START MATERIAL PROVIDED

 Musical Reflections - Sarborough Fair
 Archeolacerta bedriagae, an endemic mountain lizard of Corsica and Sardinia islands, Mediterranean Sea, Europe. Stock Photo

END MATERIAL PROVIDED
START MATERIAL PROVIDED

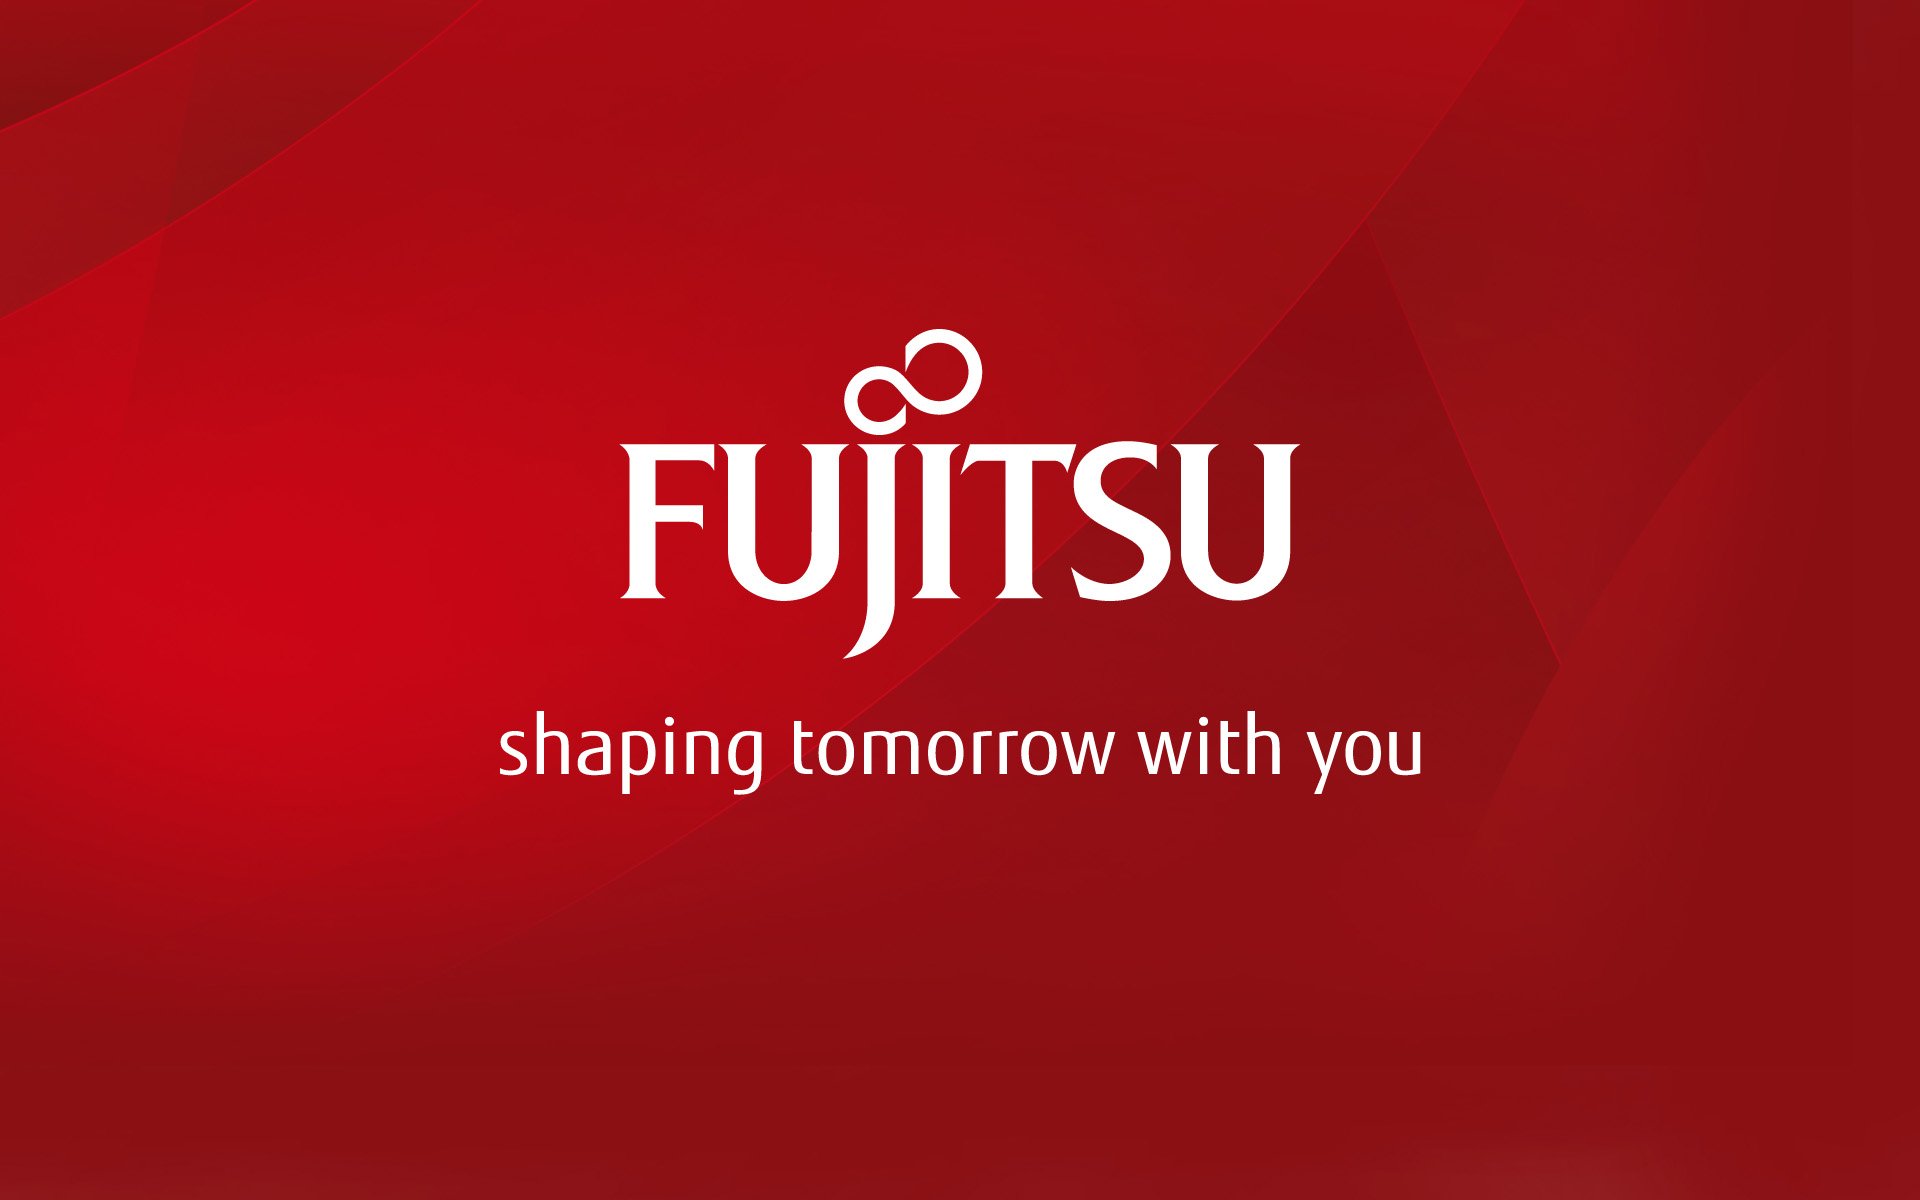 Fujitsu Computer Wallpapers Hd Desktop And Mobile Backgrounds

END MATERIAL PROVIDED

*BRIEF*
All that belongs in your answer is the stretch of entries above from the line with "Musical Reflections - Sarborough Fair" through the line with "Archeolacerta bedriagae, an", printed exactly.

*OUTPUT BELOW*
 Musical Reflections - Sarborough Fair
 Archeolacerta bedriagae, an endemic mountain lizard of Corsica and Sardinia islands, Mediterranean Sea, Europe. Stock Photo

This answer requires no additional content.